Very interesting. Downloaded the program and sent a file from my iphone. Spit out a nice chart...the tape is kinda cramped, though. Numbers overlapping at the low end. I haven't watched the entire video ( will over the next couple days) but is there a way to only show the 10 yd/meter numbers vs every 5 on the tape? The charts appear to be a great way to have backup marks in the event you lose yr phone. 

I need to get my bows reset for outdoors so it will be a bit before I can verify all the marks vs tape.

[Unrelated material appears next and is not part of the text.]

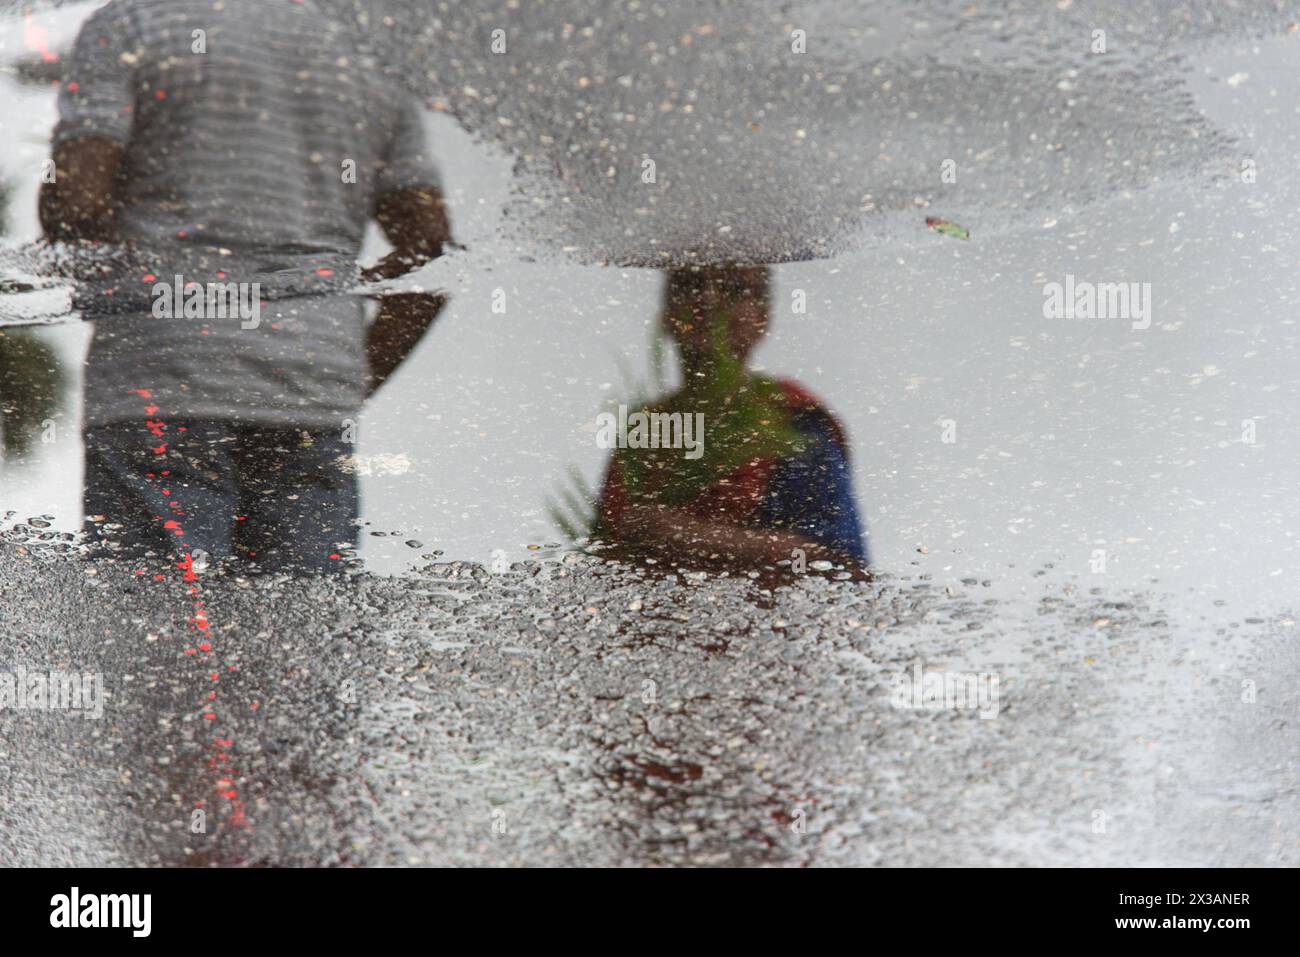 Salvador, Bahia, Brésil - 14 avril 2019 : on voit des catholiques, en réflexion sur le sol humide, tenir des plantes pendant la célébration du dimanche des Rameaux en th Banque D'Images

Thanks for pursuing this!!!

Oh, BTW, I received about 6-8 security warnings from my computer while downloading and installing Archers Tape. Just an FYI. Windows 7, IE 11.0.


----------



## pragmatic_lee (Jan 19, 2008)

Thanks for the feedback. Yep, the tape gets kinda cramped at the short yardage end and will so even more the faster your bow. Right now, what you see is what you get, :wink:, but I've no problem in making changes if enough feedback is provided. I always carry the marks card and use it instead of pulling my phone out between every target. Of course, if I have to make adjustments at the range, I have to use the phone, but I try to have everything set ahead of time. For me, the tape, is primarily used to double check that I set the correct value from the card. Again, thanks for the feedback.



hdracer said:


> Very interesting. Downloaded the program and sent a file from my iphone. Spit out a nice chart...the tape is kinda cramped, though. Numbers overlapping at the low end. I haven't watched the entire video ( will over the next couple days) but is there a way to only show the 10 yd/meter numbers vs every 5 on the tape? The charts appear to be a great way to have backup marks in the event you lose yr phone.
> 
> I need to get my bows reset for outdoors so it will be a bit before I can verify all the marks vs tape.
> 
> ...


----------



## huteson2us2 (Jun 22, 2005)

Since Archers Mark works with an iphone, will you be making a program that works with an apple computer or better yet with a tablet? I do not have a windows computer and am unable to use archers tape but love archers mark. Right now I have to manually feed the numbers into an excel program.


----------



## pragmatic_lee (Jan 19, 2008)

I have no plans at this time to write anything for the Mac line of computers. I jumped on the MacBook Pro bandwagon for a while, but it simply did not meet my needs and I sold it.

As far as having to manually enter your numbers into Excel, why don't you just load the .csv file that Archer's Mark already provides?

And I'm sure you're aware that there are several Windows emulators for Apple OSX.



huteson2us2 said:


> Since Archers Mark works with an iphone, will you be making a program that works with an apple computer or better yet with a tablet? I do not have a windows computer and am unable to use archers tape but love archers mark. Right now I have to manually feed the numbers into an excel program.


----------



## Sasquech (Dec 15, 2014)

Archers advantage works on mac


----------



## pragmatic_lee (Jan 19, 2008)

And the price of eggs in China is considerably less than in the US. :darkbeer:




Sasquech said:


> Archers advantage works on mac


----------



## huteson2us2 (Jun 22, 2005)

What I mean't to say was that I import the numbers from .cvs into my Excel on my Mac and then manually cut and paste. Archers Tape does the hard work for me as a program. I started using my wife's window's laptop yesterday, but I did not properly shut down her computer afterwards so I may have lost my ability to use her computer again.


----------